Measure total latency of SSH session

Is there a way to measure/report the overall latency in a tunneled SSH session?

My particular setup is:

  • Client (OS X + wifi router + ADSL modem)
  • Gateway SSH server exposed to Internet
  • Internal SSH target to which I'm tunneling

I'm interested in seeing the latency between the console on my local machine and the final machine on which I have the session open.


Solution 1:

See the sshping utility: https://github.com/spook/sshping

Example:

# sshping 172.16.47.143
--- Login: 1725 msec
--- Minimum Latency: 4046 nsec
---  Median Latency: 11026 nsec  +/- 0 std dev
--- Average Latency: 178105 nsec
--- Maximum Latency: 8584886 nsec
---      Echo count: 1000 Bytes
---  Transfer Speed: 11694919 Bytes/second

# sshping --help
Usage: sshping [options] [user@]addr[:port]

  SSH-based ping that measures interactive character echo latency
  and file transfer throughput.  Pronounced "shipping".

Options:
  -c  --count NCHARS   Number of characters to echo, default 1000
  -e  --echocmd CMD    Use CMD for echo command; default: cat > /dev/null
  -h  --help           Print usage and exit
  -i  --identity FILE  Identity file, ie ssh private keyfile
  -p  --password PWD   Use password PWD (can be seen, use with care)
  -r  --runtime SECS   Run for SECS seconds, instead of count limit
  -t  --tests e|s      Run tests e=echo s=speed; default es=both
  -v  --verbose        Show more output, use twice for more: -vv

Solution 2:

I skipped some steps suggested by @nicht-verstehen:

python -m timeit --setup 'import subprocess; p = subprocess.Popen(["ssh", "user@host", "cat"], stdin=subprocess.PIPE, stdout=subprocess.PIPE, bufsize=0)' 'p.stdin.write(b"z"); assert p.stdout.read(1) == b"z"'

Where

python -m timeit executes the timeit Python module.

The -s/--setup option tells timeit which statement(s) to execute before each repeat.

subprocess.Popen(["ssh", "user@host", "cat"], stdin=subprocess.PIPE, stdout=subprocess.PIPE, bufsize=0) launches ssh - executing cat on your host - as a child/subprocess, redirecting its IO streams to Python file-like objects. bufsize=0 makes sure no IO is buffered, which may cause IO waits.

And for each loop:
p.stdin.write(b"z") writes a single byte to the child (in turn through ssh to cat).
p.stdout.read(1) reads a single byte from the child. The assertion around it tests whether that byte is the same as the one you wrote to it.

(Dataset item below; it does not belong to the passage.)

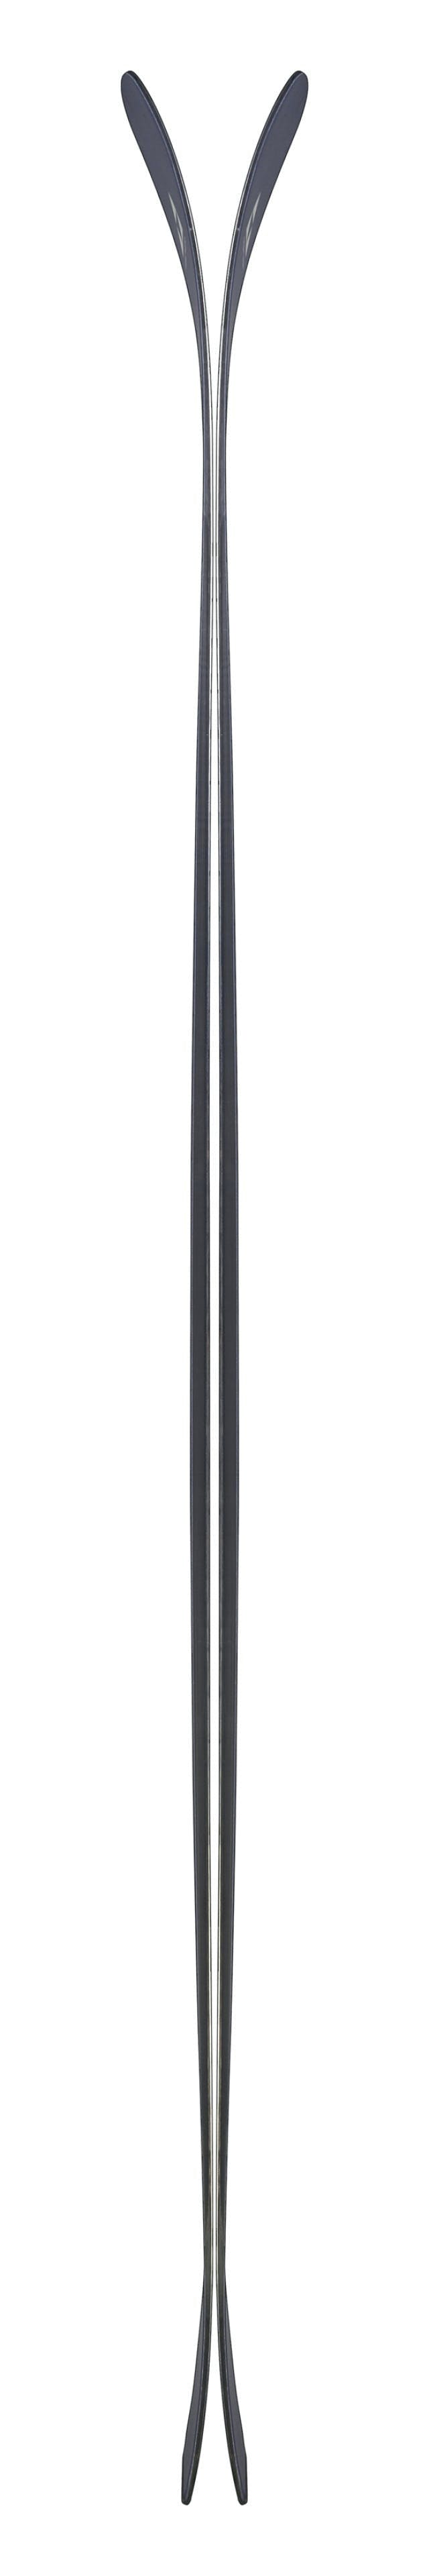 Fischer Ranger 96 Skis · 2024 · 173 cm
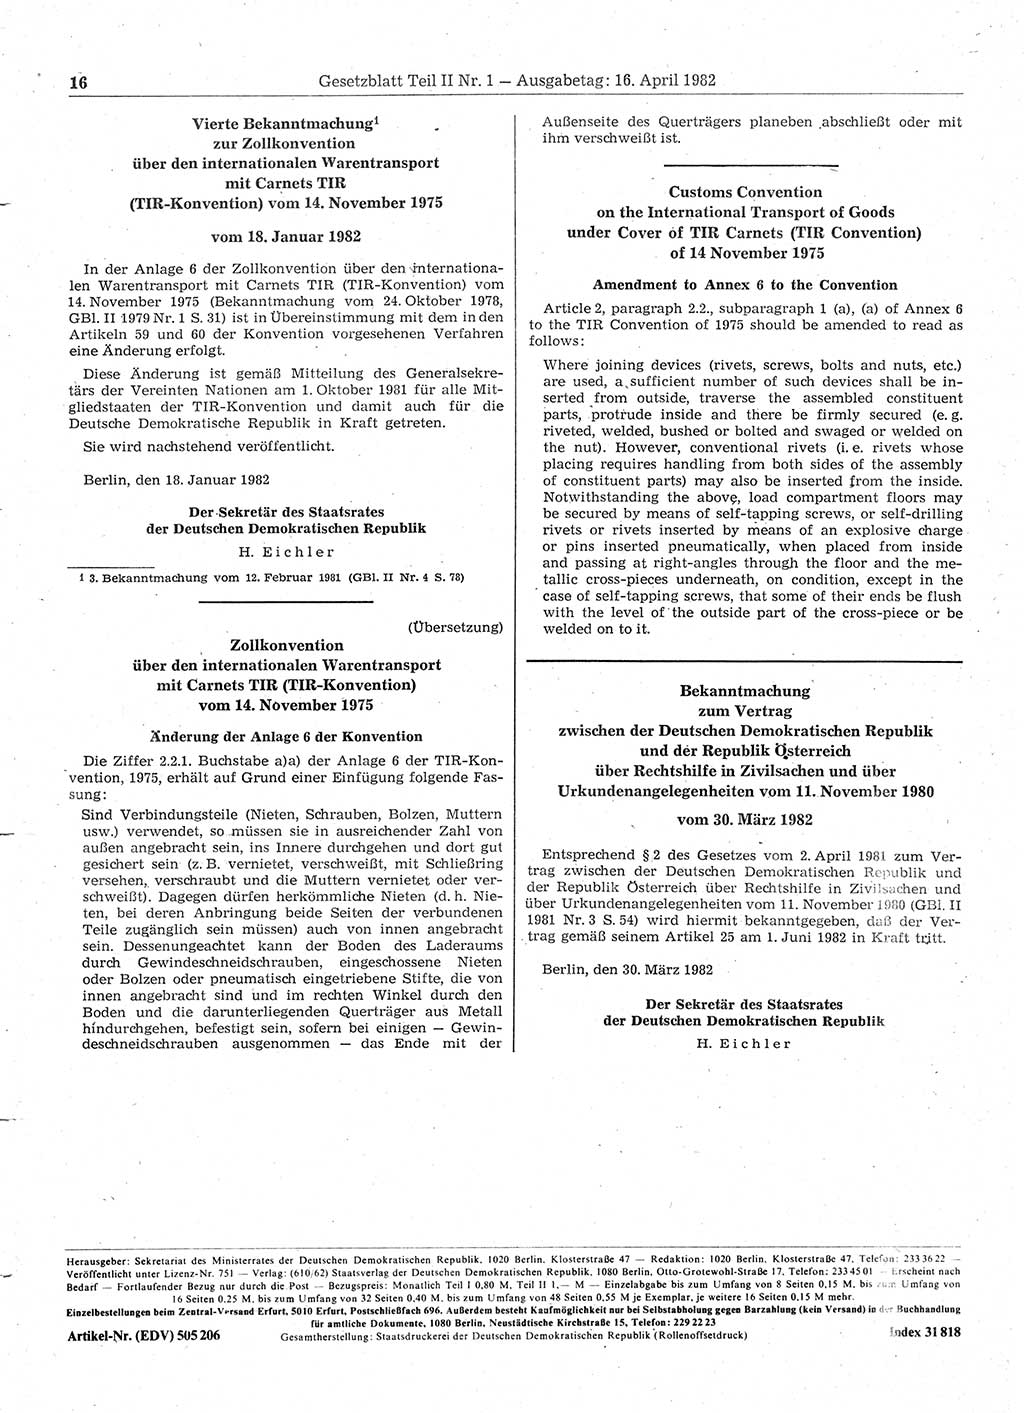 Gesetzblatt (GBl.) der Deutschen Demokratischen Republik (DDR) Teil ⅠⅠ 1982, Seite 16 (GBl. DDR ⅠⅠ 1982, S. 16)

Boils down to the same thing, but skips creating the named pipes (mkfifo). I noticed that the more loops you run, the faster each loop is. Control it using -n/--number: python -m timeit --number 50 ...

Solution 3:

Was trying to do this myself and came up with this. Probably there is a simpler way, but this is what I came up with.

First, prepare pipes which will be used to make the benchmarking program communicate through the SSH connection.

$ mkfifo /tmp/up /tmp/down

Then establish a connection in ControlMaster mode without executing any remote command. This allows us to authenticate with the host interactively. After the connection is established, SSH will just "hang" here in foreground.

$ ssh $HOST -N -M -S /tmp/control

In a parallel terminal, execute remote cat in background. It will be our echo server whose latency we will measure. Inputs and outputs are connected to FIFOs:

$ ssh $HOST -S /tmp/control cat </tmp/up >/tmp/down &

And then benchmark a small program (send a byte to up FIFO, receive a byte from down FIFO):

$ python -m timeit -s 'import os' \
    'os.write(3, "z"); z=os.read(4, 1); assert z=="z", "got %s" % z' \
    3>/tmp/up 4</tmp/down
10 loops, best of 3: 24.6 msec per loop

The measure obviously shows the round-trip latency. If you need to repeat the experiment, run the last two commands (ssh and python) again.

If something seems to go wrong, use SSH -v flag to get more debugging output.